Нахлобучив кепку, зэк помчался дальше, а Самохин, вдыхая туманный осенний воздух, постоял, следя за тем, как заключенный торопливо нырнул в калитку локального сектора своего отряда. Зябко поведя плечами, майор запахнул форменный плащ и, пожалев, что не надел шинели — похолодало уже ощутимо, того и гляди, ляжет снег, — зашагал к освещенному огнями кирпичному, отродясь не штукатуренному зданию вахты. Подавив на сигнальную кнопку и услышав ответное жужжание и щелчок электрозамка, потянул на себя тяжелую, обшитую листовым металлом дверь, шагнул внутрь. В узком коридорчике едва не столкнулся с торопившимся на выход дежурным по колонии майором Алексеевым.

— А, вот и кумотдел пожаловал, — поприветствовал дежурный, — пойдем, Андреич, в цех. Там зэк затарился где-то, на съем не вышел. Вторая смена до сих пор- на объекте торчит. Комбат звонил, матерился, щас, кричит, конвой в казармы отправлю, часовых с вышек сниму, и сторожите, мол, своих жуликов сами хоть до утра!
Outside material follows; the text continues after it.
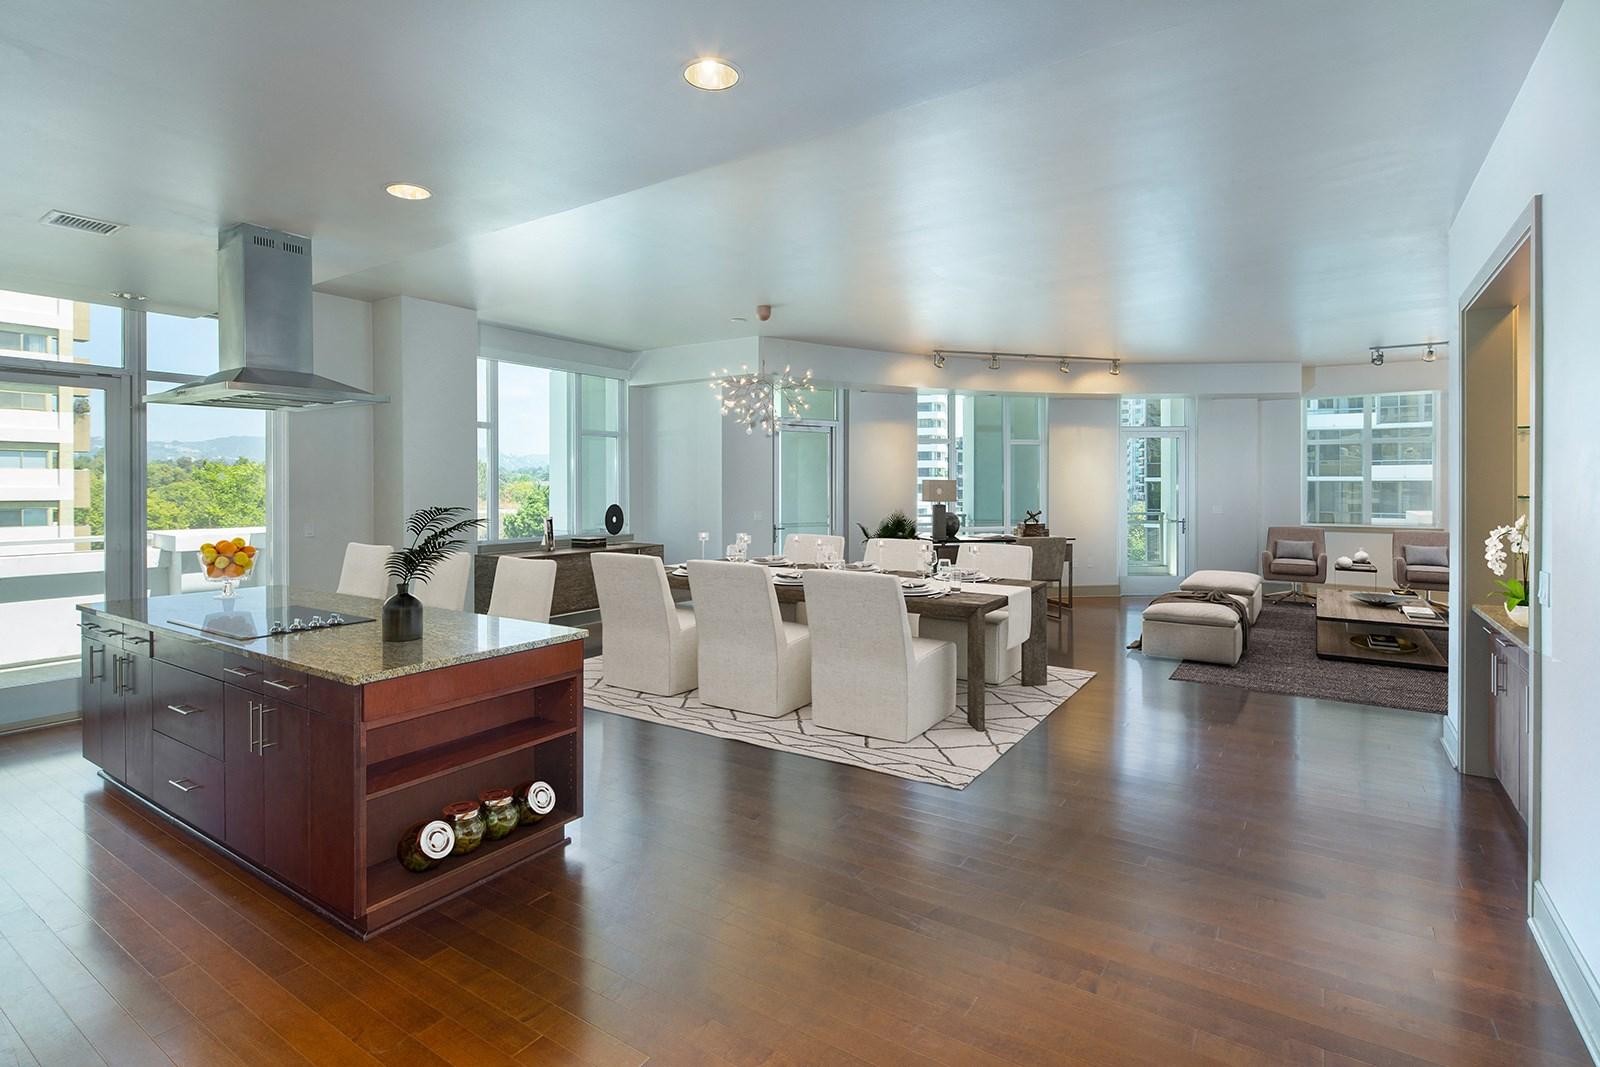 Los-Angeles-Furnished-Apartments-Wilshire-Victoria-2b-Lvrm2

— Да ладно тебе… В первый раз, что ли? — успокоил его Самохин, — подполковник Крымский потому психует, что боится, как бы зэк через основные заграждения не ушел. Тогда на конвой побег повесят. И комбату соответственно втык сделают. А ему это ни к чему. Я слышал, его вроде как на повышение забирают.

— В полк, что ли?

— В дивизию имени Дзержинского! Слыхал про такую? В Подмосковье служить будет. Там внутренних войск много… На случай массовых выступлений трудящихся…

Алексеев нетерпеливо пнул решетчатую дверь, перекрывавшую путь к выходу из жилой зоны.

— Эй, чекист! Уснул, что ли? Открывай, свои…

Часовой КПП, невидимый из-за полумрака в застекленной клетушке, с грохотом выдернул запирающий штырь, и Алексеев первым устремился на выход, бормоча:

— Вот черти нерусские! Я все думаю, чего их, тупых таких, во внутренние войска призывают? А потому что они, в случае чего, нашего брата не пожалеют!

— Ну да… Латышских-то стрелков на всех русаков теперь не хватит… — хмыкнул Самохин, разделяя извечную неприязнь колонийских офицеров к внутренним конвойным войскам.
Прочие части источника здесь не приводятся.